One might hope for the development of a nationally-consistent body of Section 10(a)(4) jurisprudence that arbitrators exceed their powers only when (1) their actions are not even arguably in furtherance of the contract that empowers them, (2) they purport to rule on the merits in a case over which they do not have jurisdiction, or (3) they purport to act at a time when they have exhausted their powers, and become functus officio, by rendering a final award in a case, or on an issue or issues in the case.

But even a well-developed and predictable body of law about when arbitrators exceed their powers, and the expulsion of “manifest disregard” from the legal lexicon, will not deal with the fundamental problem. That problem is that post-award judicial proceedings cost a great deal and take a long time, and there is no provision in the Federal Arbitration Act for recovery of costs and attorneys’ fees by the prevailing party in post-award litigation. In my view it is long past the time when the English Rule rather than the American Rule should govern in proceedings under the FAA. The access-to-justice rationale that provides the historical justification for the American Rule should not apply where the parties have agreed, or adopted rules of arbitration that provide, that the arbitration winner shall or may in the arbitrator’s discretion recover legal fees from the loser. The FAA should provide that the rule on fee-shifting in post-award proceedings shall be what the parties have agreed, or if the clause is silent, then the same fee-shifting agreement or rule that governed the arbitral proceedings pre-award shall also govern any litigation post-award.

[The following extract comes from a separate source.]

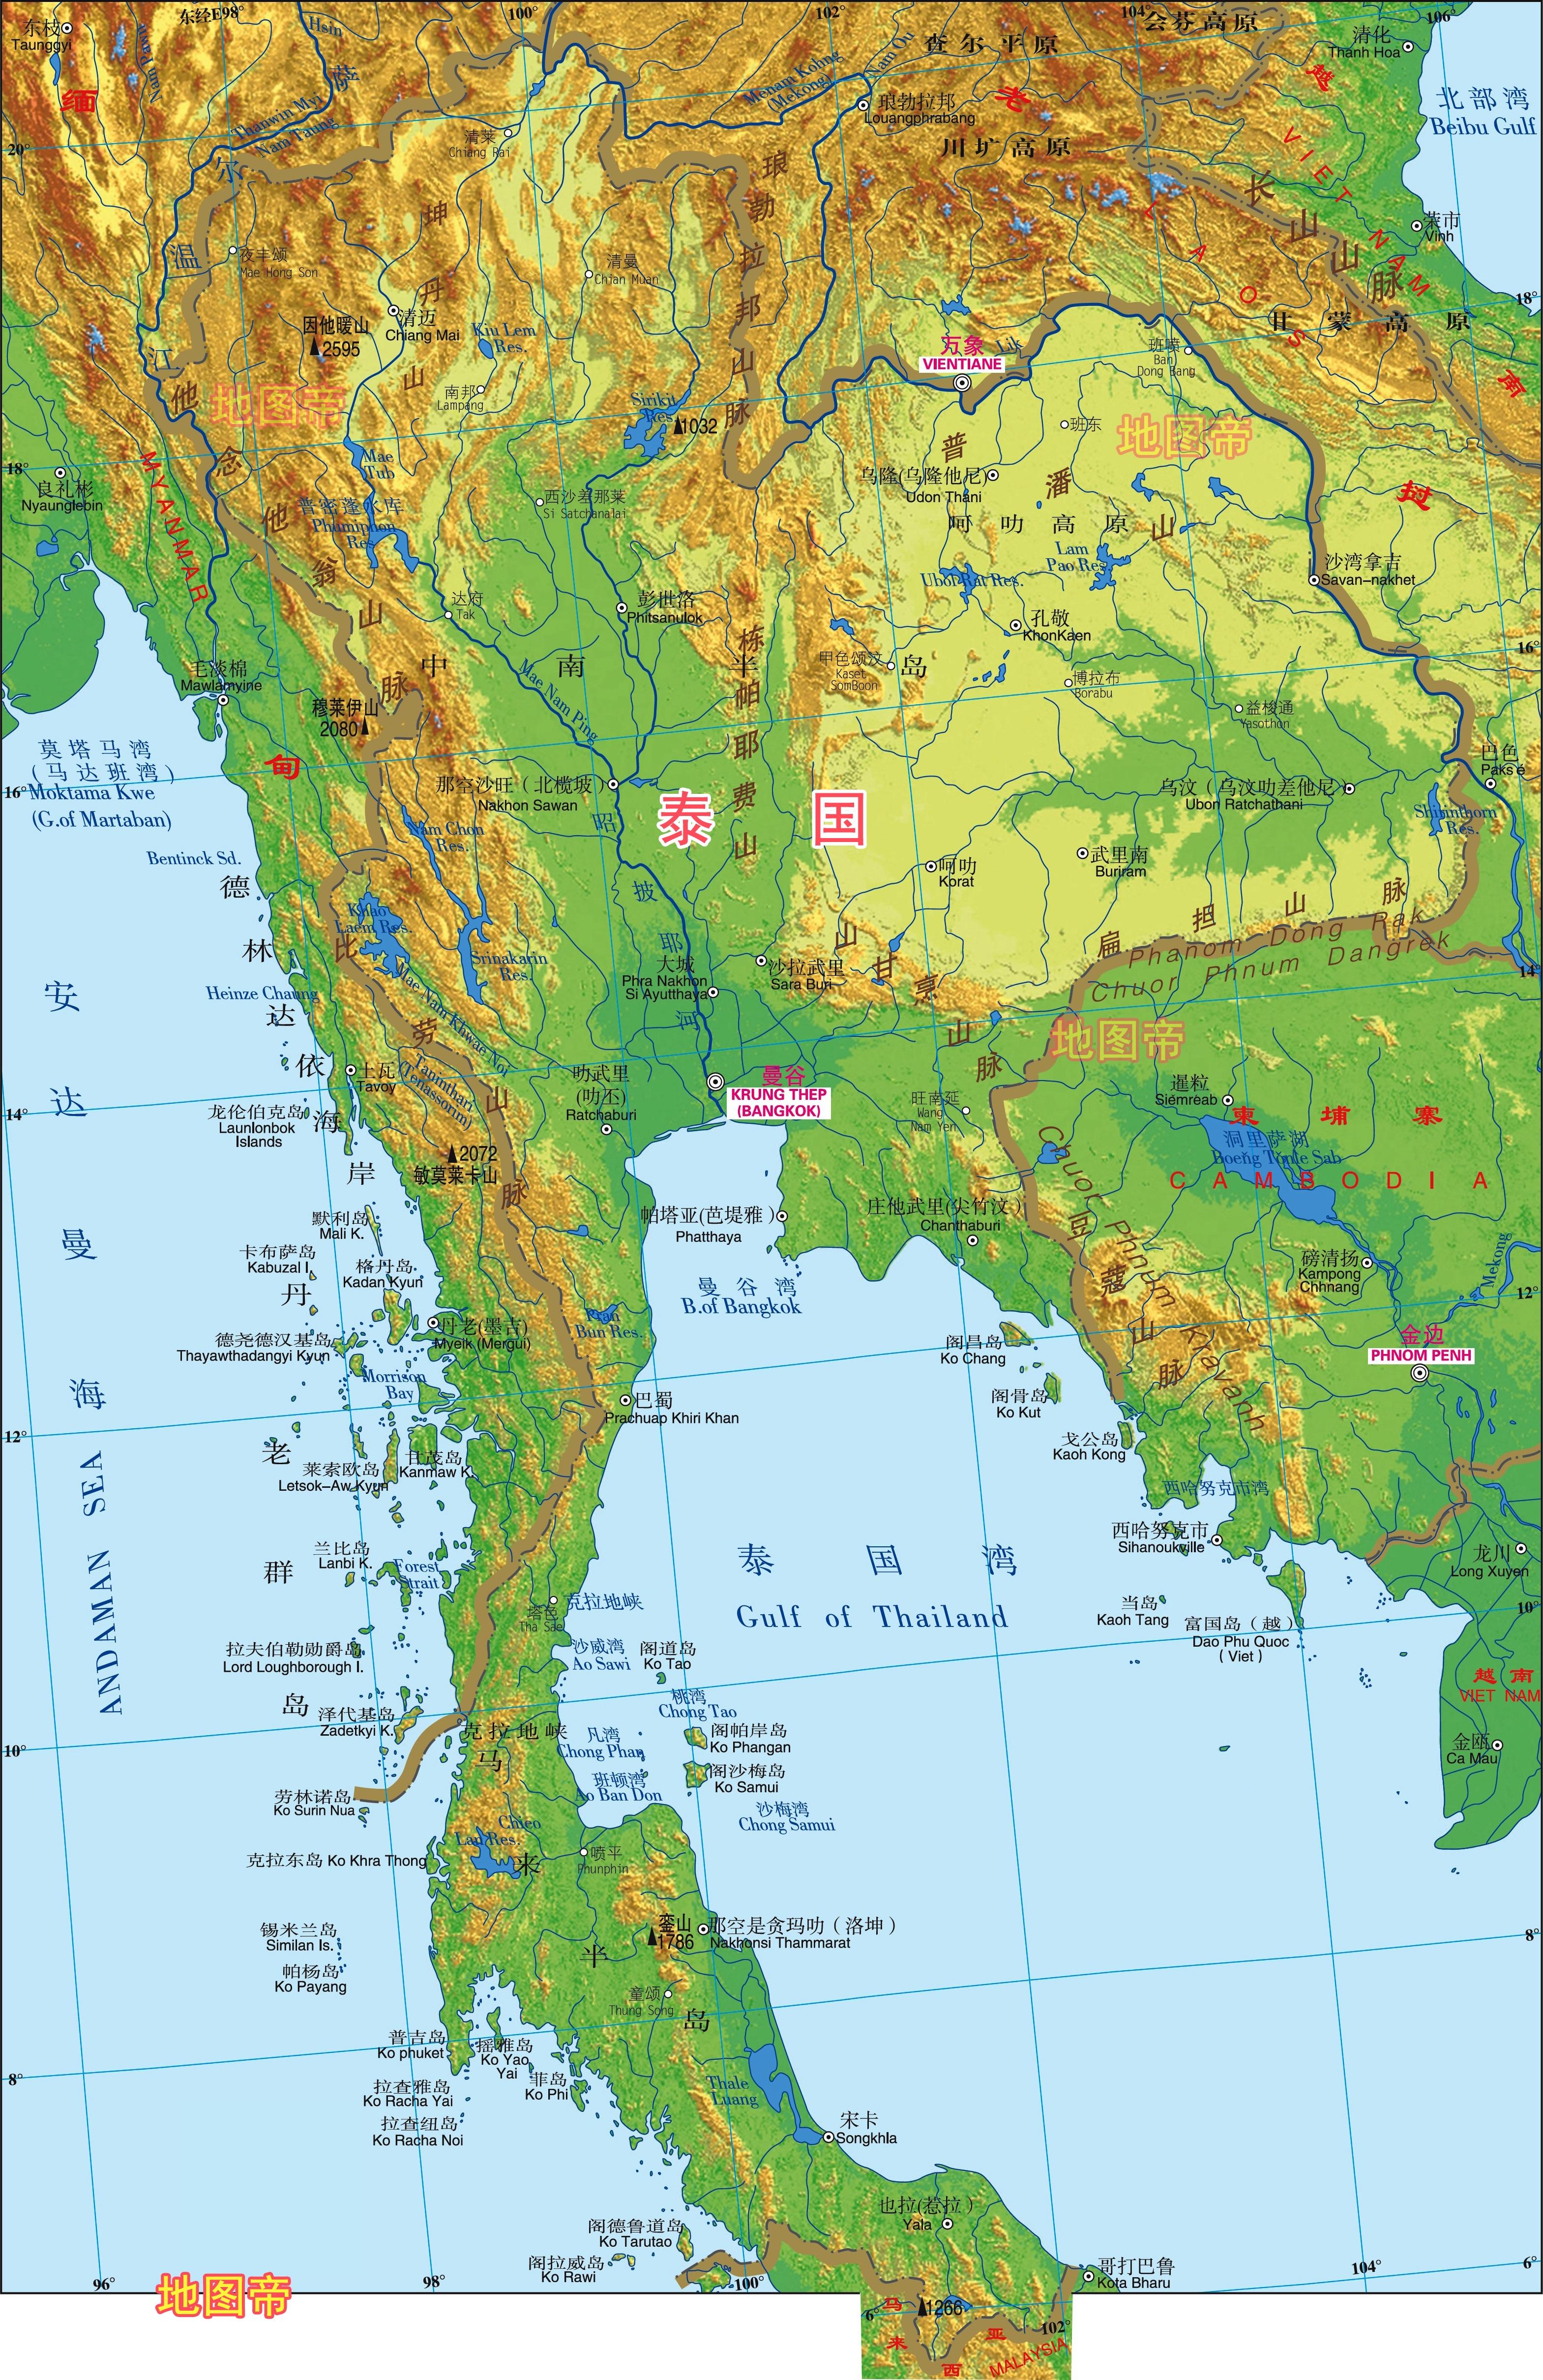 泰国地图,泰国地图中文版,泰国地图全图 - 世界地图全图 - 地理教师网

Such an amendment to the Act offers the best prospect to contain the epidemic use of post-award proceedings by well-financed parties to leverage settlements for less than the sums awarded against them by the arbitrators.

Marc J. Goldstein is a litigator and arbitrator based in New York. He has practiced independently since 2007, after 27 years spent mainly in a large international law firm. He concentrates his practice on international commercial disputes. He is a Fellow-Elect of the College of Commercial Arbitrators and a Fellow of the Chartered Institute of Arbitrators, and is on the international arbitrator rosters of the ICDR, CPR, SIAC, WIPO and CIDRA. He is a member of the North American Arbitration Committee of the ICC. He is also on the mediation panel of the New York Supreme Court Commercial Division. His widely-read Arbitration Commentaries can be found at http://arbblog.lexmarc.us.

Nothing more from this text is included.